One of the reasons Starmer and his Shadow Cabinet keep talking about a “decade of renewal” is a concern that they will be so restrained financially in the first term, they won’t be able to do much. Hence the need to lower expectations and not make big pledges. It’s why, despite pressure, Labour has not set a date for raising defence spending to 2.5 per cent.

Instead, its candidates expect Rachel Reeves and Starmer to try to buy themselves some time and leeway on entering government by saying that now they are on the inside and have seen the books for themselves, the situation is even worse than they feared. At that point, a wave of new tax rises could be brought in as part of a ‘”doctor’s mandate” – emergency measures to remedy the patient (the patient this time being the UK).
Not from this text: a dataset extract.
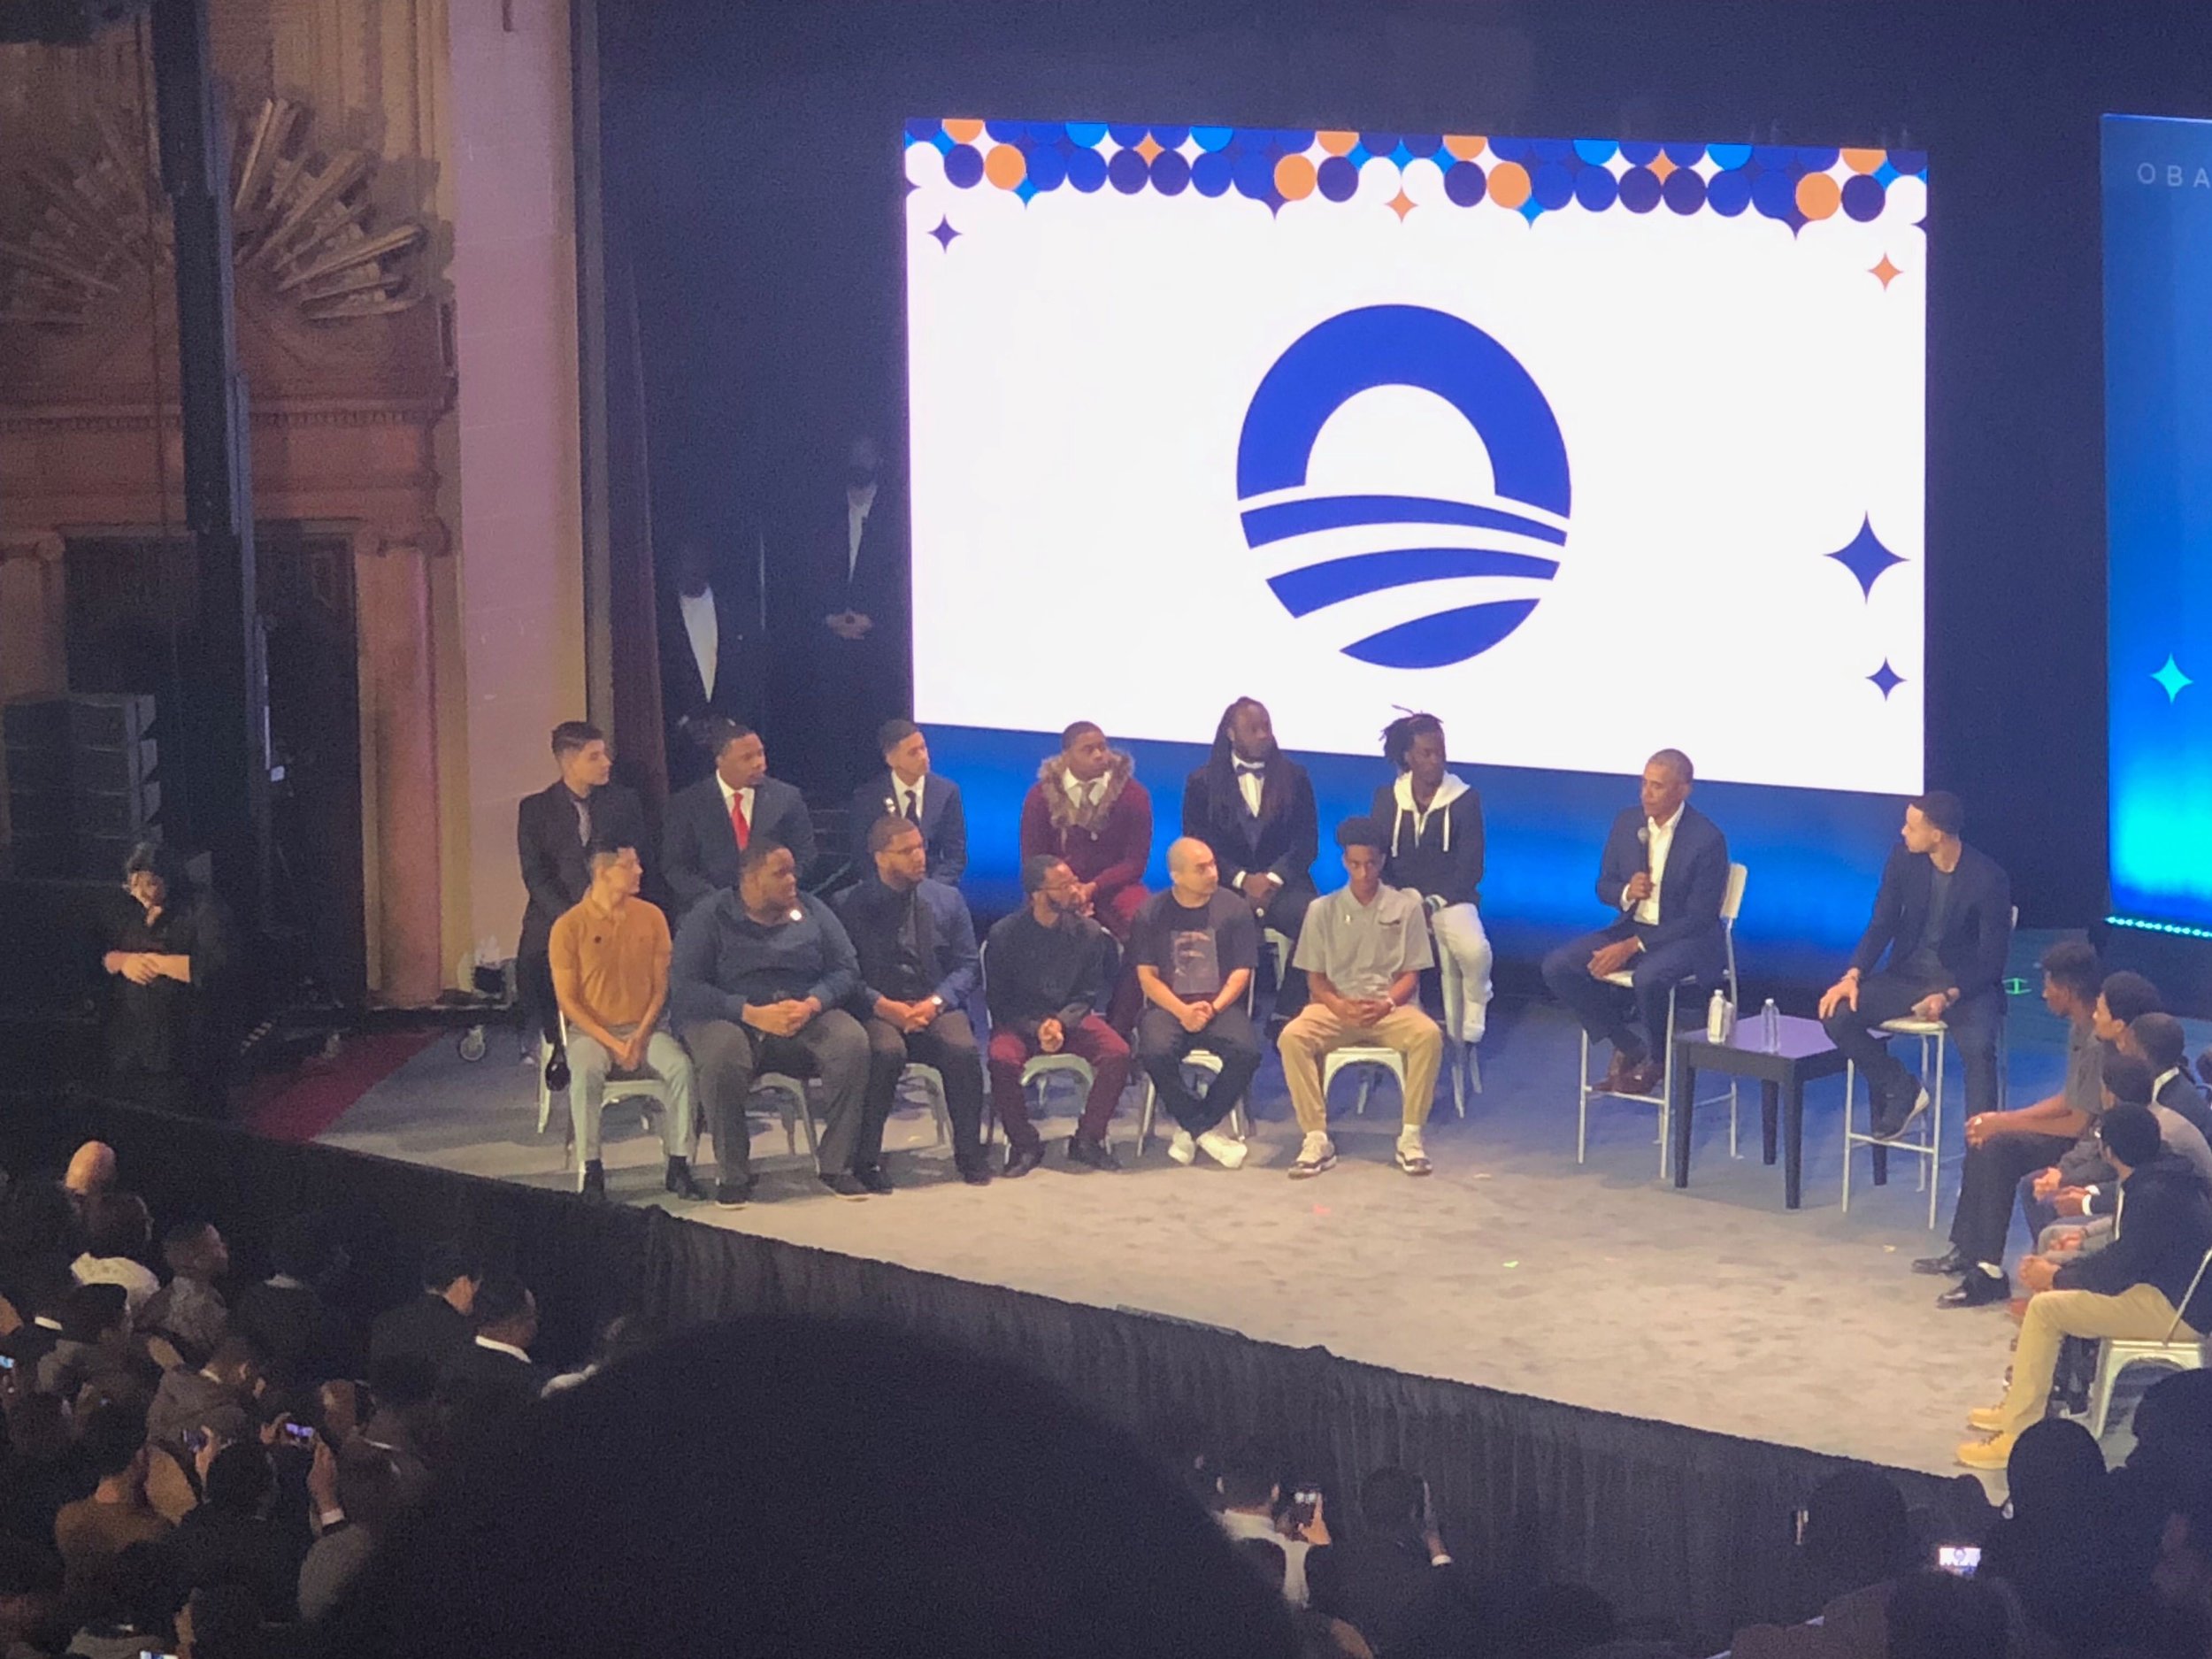 Youth Justice Assistant Tj Sykes at Obama Foundation's MBK Rising!

For now, both parties can be accused of not being completely transparent on tax and spend. The Tories have promised a series of tax cuts or tax changes, as well as mandatory national service, funded by various spending cuts including on welfare. There is scepticism over the feasibility of these. Labour has not matched these but Reeves has promised not to raise taxes on working people and ringfenced national insurance, income tax and VAT as triple-lock-protected. At present, spending cuts – planned by Jeremy Hunt as Chancellor – are priced in – but the feeling is both the Tories and Labour could struggle to enact them.

Therefore both parties can be accused of not being frank with the public about the choices that could be coming down the track. But given Labour are 20 points ahead, this is really a problem for Starmer rather than Sunak. The Tories can promise many things – there is very little chance they will be around to have to try to deliver it. It is a Labour government that will have to contend with tricky finances, tax promises and unsympathetic markets.

It’s why Starmer has almost sounded Trussite in his focus on the need for economic growth – he suggested he doesn’t need to get into tax rises or borrowing as he will create economic growth. His team insist they mean it – that growth will be front and centre as the alternative is tax rises or borrowing.

“The manifesto was actually really bold despite some of the commentary,” says a Labour aide. “It shows how we would be focused on economic growth from day one and that will occupy a lot of ministers’ time.” That means radical decisions on planning reform early on as the party tries to go for growth.

The risk, however, is if that fails and Reeves is left having to debate tweaking her fiscal rules and other unpalatable decisions. The fact that Starmer last week defined a working person as someone who could not get the cheque book out when in trouble has rung alarm bells for some middle-class voters. Would they find their taxes going up on the grounds that they are more comfortable so don’t fit the definition?

Notably, Starmer later tried to walk back from his comments and reassure such voters. If his growth agenda falters, difficult decisions are coming, and fast. For a party that looks set to win a big majority on a comparatively low vote share, the risk is that the public will feel taken aback if these decisions have to be made.